I don't think that's the case. The roads dept isn't full of transit-hating automotive ideologues, it's full of people trying to get the best they can at their given task. Right now that task is to move vehicles, because that's what they deal in. A slight tweak in their mandate, an adjustment to their data, and you've accomplished this goal. No smackdown required.
 
St. Clair (512) is 14.5 km/hr to 17.5 km/hr rather than 9.9 km/hr to 16.7 km/hr. And now that King is running it's full route again it's 14.2 km/hr to 17.5 km/hr.

I'm surprised they are so high. Particularly Spadina, that always feels like it's crawling. Is there some perception that it is moving slower than it is, as it's not mixed in traffic?

Don't forget these are scheduled times. Real world pokeyness can be made up through short turns, or just plain not keeping to the schedule. Even the TTC admits that the new 512 is a good bit slower than in the service summary.
 
Here is the 2010 Service Summary, which has average speeds for all routes.
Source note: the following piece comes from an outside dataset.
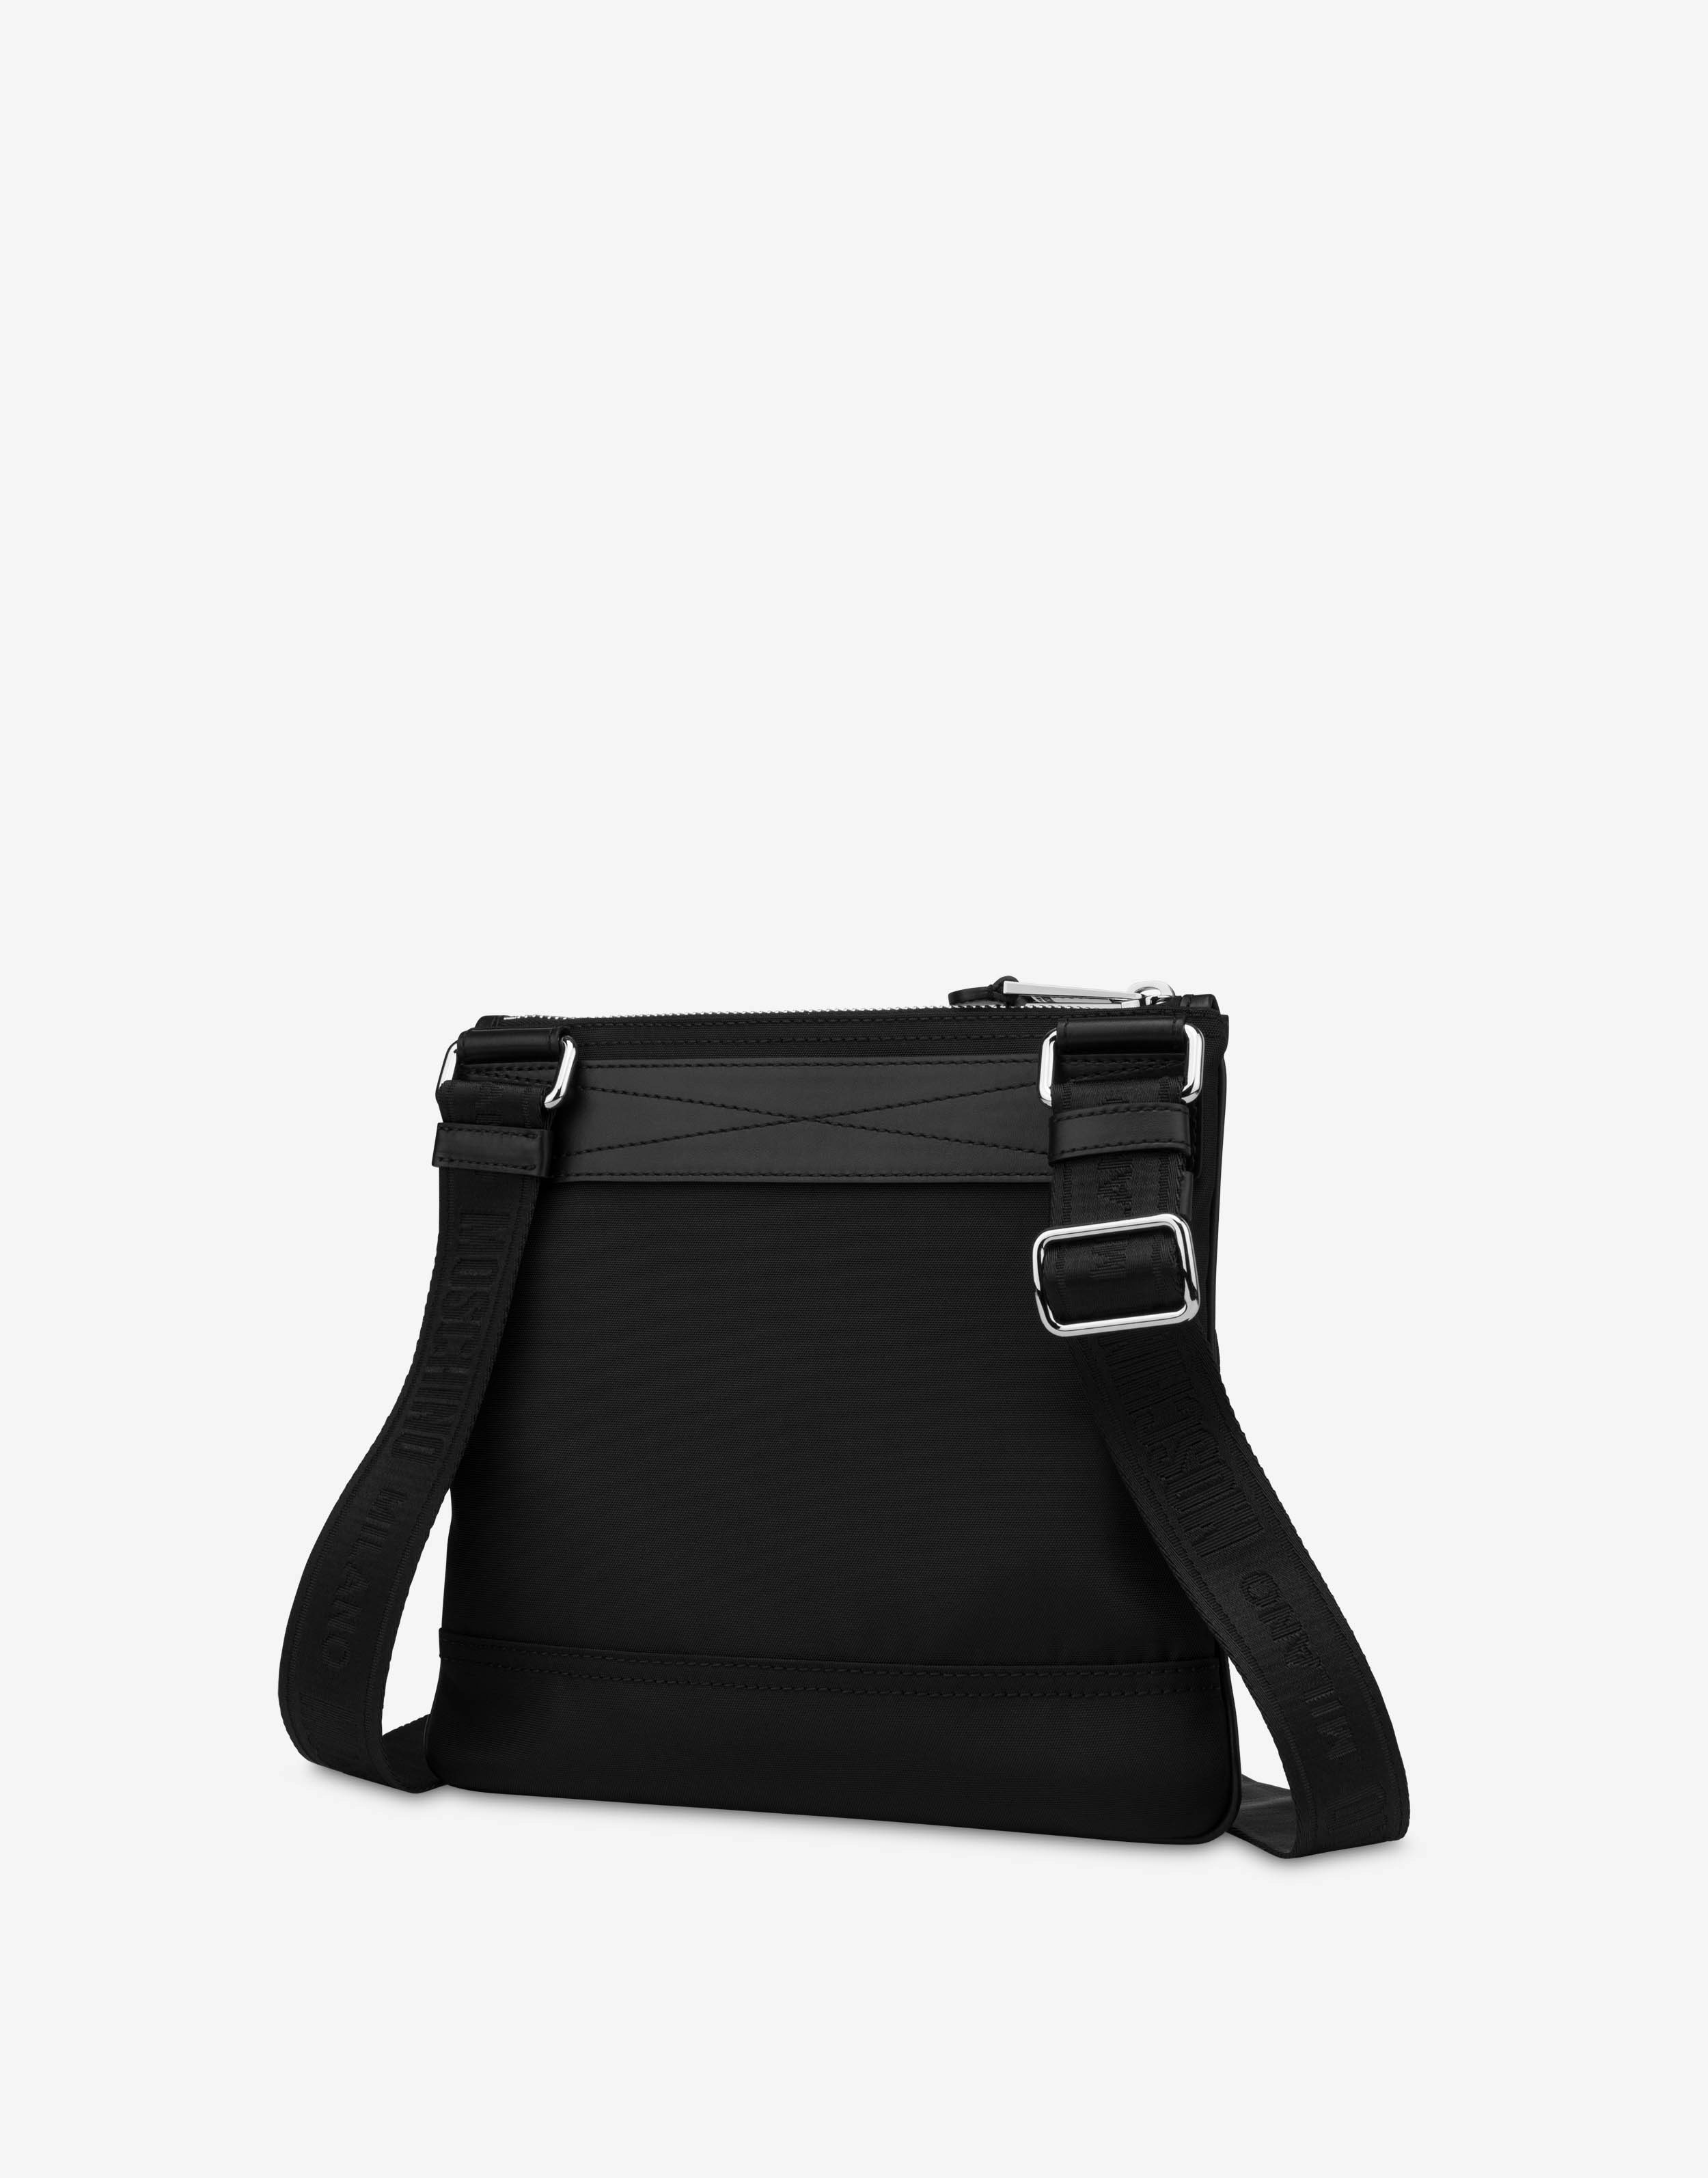 Moschino Couture shoulder bag 0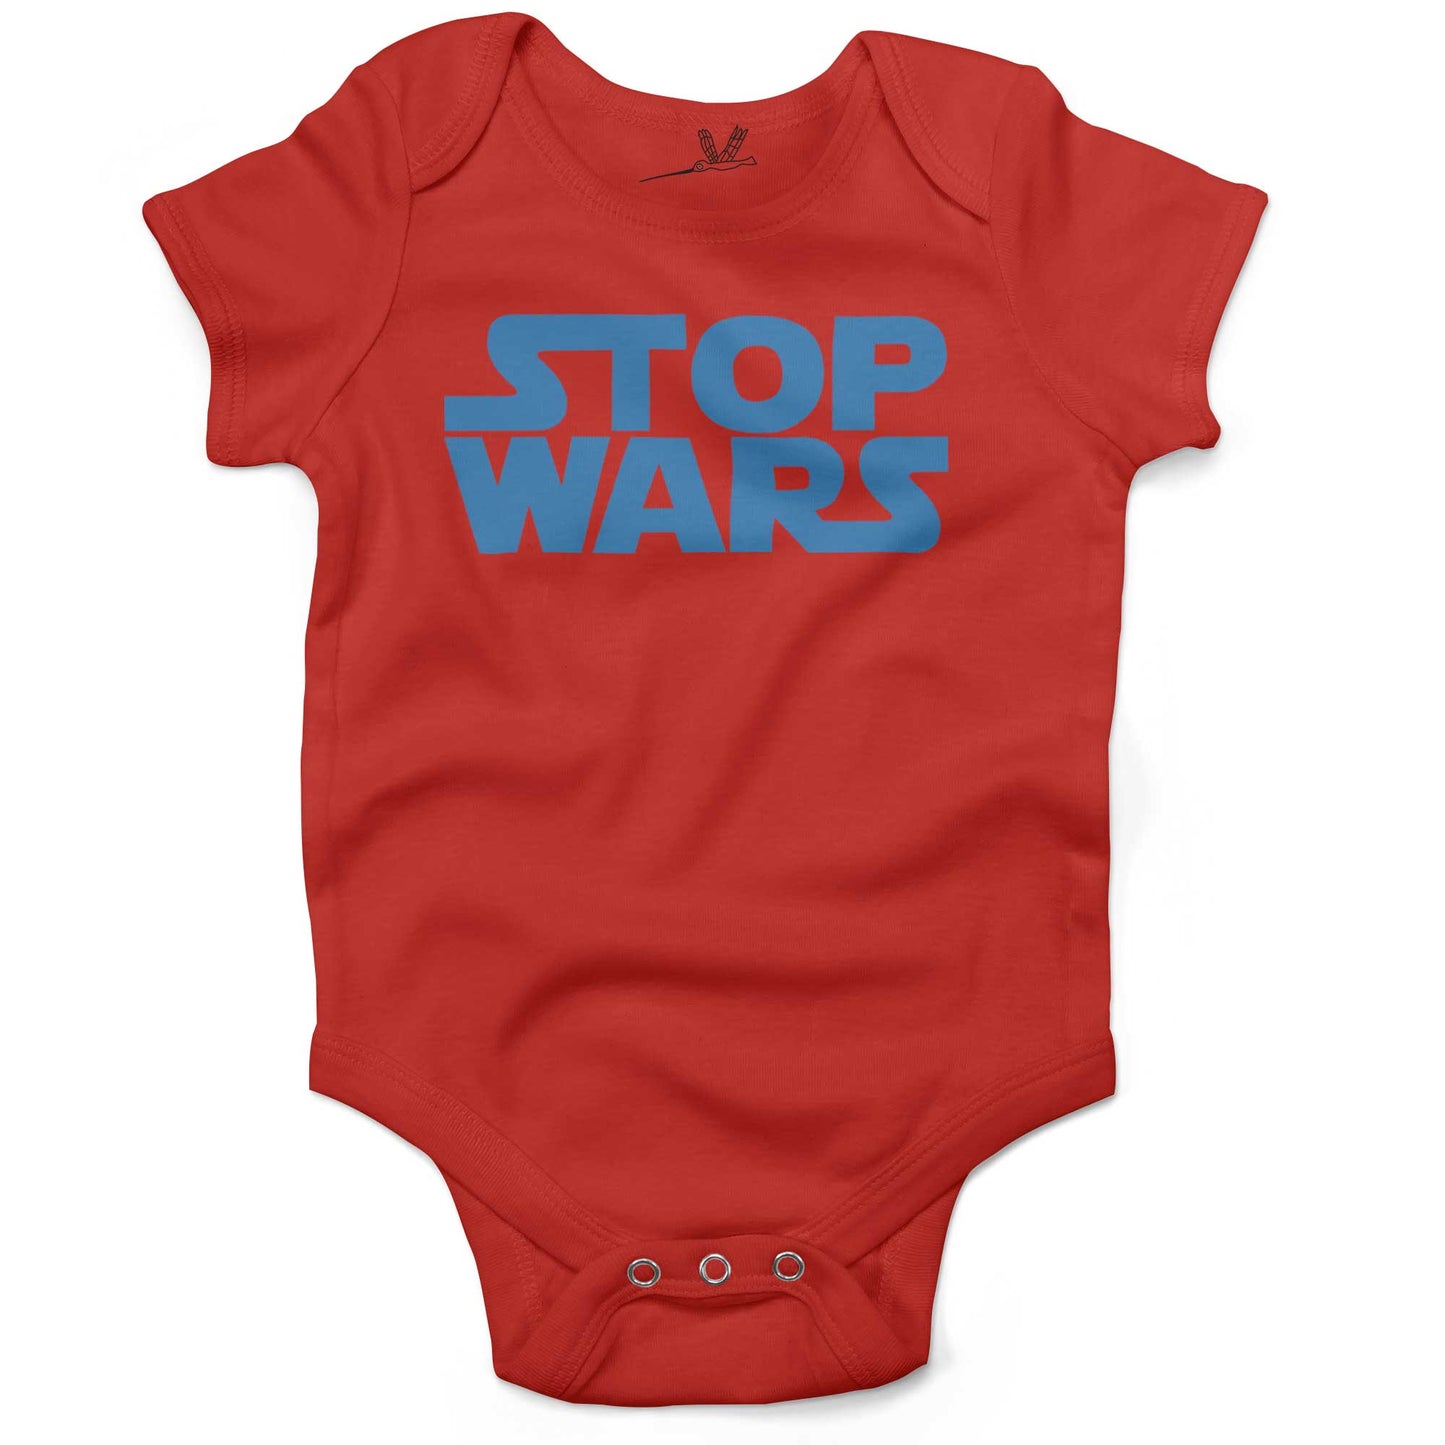 STOP WARS Infant Bodysuit or Raglan Baby Tee-Organic Red-3-6 months

I think it includes layovers because shorter routes tend to have lower average speeds than longer ones in similar conditions.

"The number and type of
vehicles operated on the route are listed, as well as the round-trip driving time, the total terminal
time, and the average speed of the route (driving time only, not including terminal time)."
 
With this discussion of the Service Summary on the board I am surprised none of the Transfer-City people said "510 and 512 are slower than 504 or 506. So separated ROWs don't work."

But of course that would not make sense. These routes were selected for ROWs for the same reasons (high passenger volume, high car traffic, many left turns) that they are slow right now. Separation is the solution to slow routes, not the problem.

In fact, I think the Service Summary tells you how good separation can get. The 504 and 506 are about 30% faster early Sunday morning than weekday AM peak. This is the benefit of not facing traffic or delays due to high boardings. But the 510 and and 512 are only 16% faster on Sunday mornings than at peak.

The 14% difference kind of represents the advantage of ROW separation - it's the extra speed loss the non-separated routes experience when they operate in heavy traffic. It's tempting to think we could get this from separation. We could maybe even get most of the full 30% gain, if there was proper signal priority and POP.

Even 30% would only get us to about 18-19 km/h at peak, not the 22 clicks promised for Transit City. But stop spacing is wider on TC than downtown too of course.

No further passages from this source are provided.